Аберрация представлений, память о былом величии, неумение ощущать пространство и время, отсутствие чувственного начала сыграли свою страшную, но в то же время закономерную игру и с Гиммлером, и с Шелленбергом.
Они строили планы, лихорадочно носились по дорогам рейха, забитым колоннами беженцев; охрана сталкивала людей в канавы, а то и просто стреляла в них; шли бесконечные телефонные разговоры со Стокгольмом, Любеком, Берном; никто из них не хотел, а скорее, не мог уяснить себе, что сейчас все решало постоянное, грохочущее, ежеминутное передвижение русских танков и артиллерии, выходивших на исходные позиции для атаки центра Берлина…
Однако недостойным и — для будущих судеб мира — трагичным было то, что целый ряд людей на Западе, красиво и проникновенно говоривших о демократии, справедливости и национальном равенстве, постоянно поддерживали контакт с теми нацистами, которые являли собою самое страшное порождение тирании, какой не было еще в истории человечества.
Их контакты с гитлеровцами не могли не быть тайными, но об этих контактах знал Кремль, и поэтому, ясное дело, там конденсировалось то, в чем потом неоднократно обвиняли Москву: недоверчивость по отношению к Западу.
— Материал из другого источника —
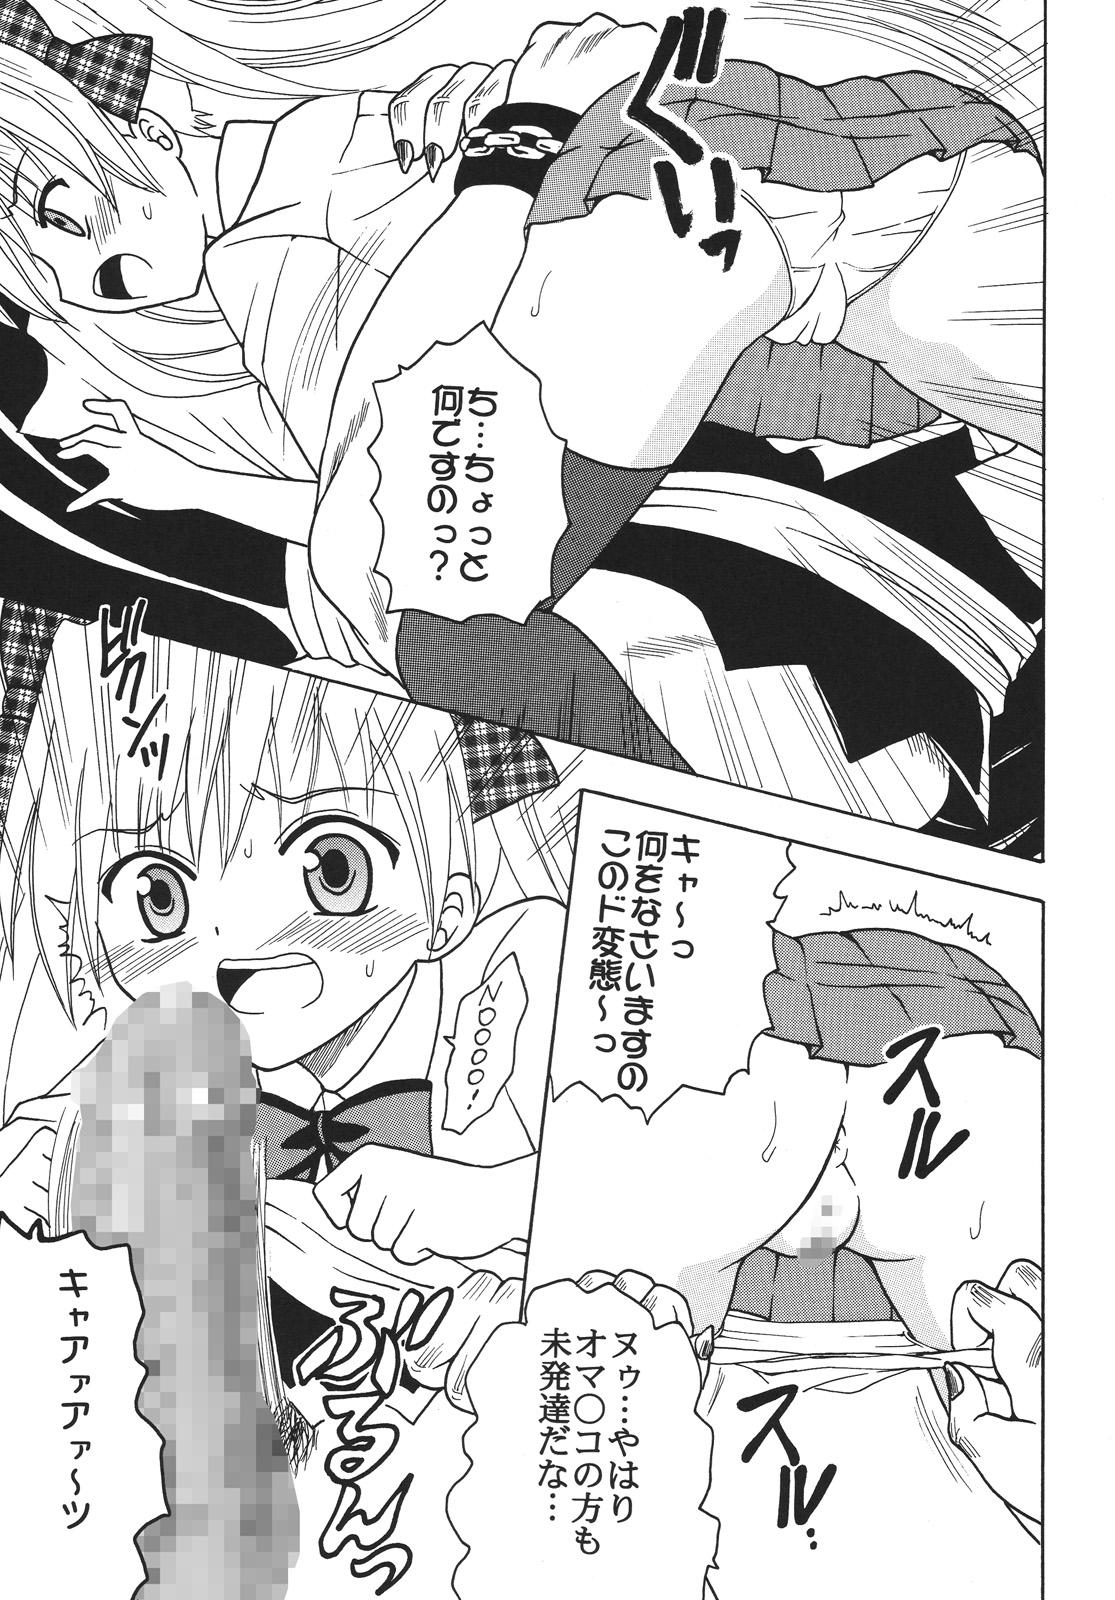 Black Girl Nakadashi Maid no Hinkaku 3 - Kamen no maid guy 8teenxxx - Page 6

Если бы к такого рода подозрительности не было оснований, тогда одно дело, но ведь основания для этого были, да еще какие: за спиной государства, принесшего миру избавление от ужаса нацизма, со злейшим представителем этого чудовищного строя, с автором его карательной политики действительно поддерживали постоянный контакт в поисках компромиссного соглашения — и не против кого-либо, а против тех, кто честнее всех других исполнял свой долг в борьбе против гитлеризма…
Наблюдая за активностью Шелленберга, который в Берлине по-прежнему не появлялся, Мюллер отправил шифрованную телеграмму своему представителю в посольстве в Стокгольме и поручил завершить заранее начатую операцию, смысл которой сводился к тому, чтобы американцы смогли «подкупить» шифровальщика гестаповской группы, и среди целого ряда кодов в их руки должен был попасть ключ к тем телеграммам, которые отправлял в Москву Штирлиц.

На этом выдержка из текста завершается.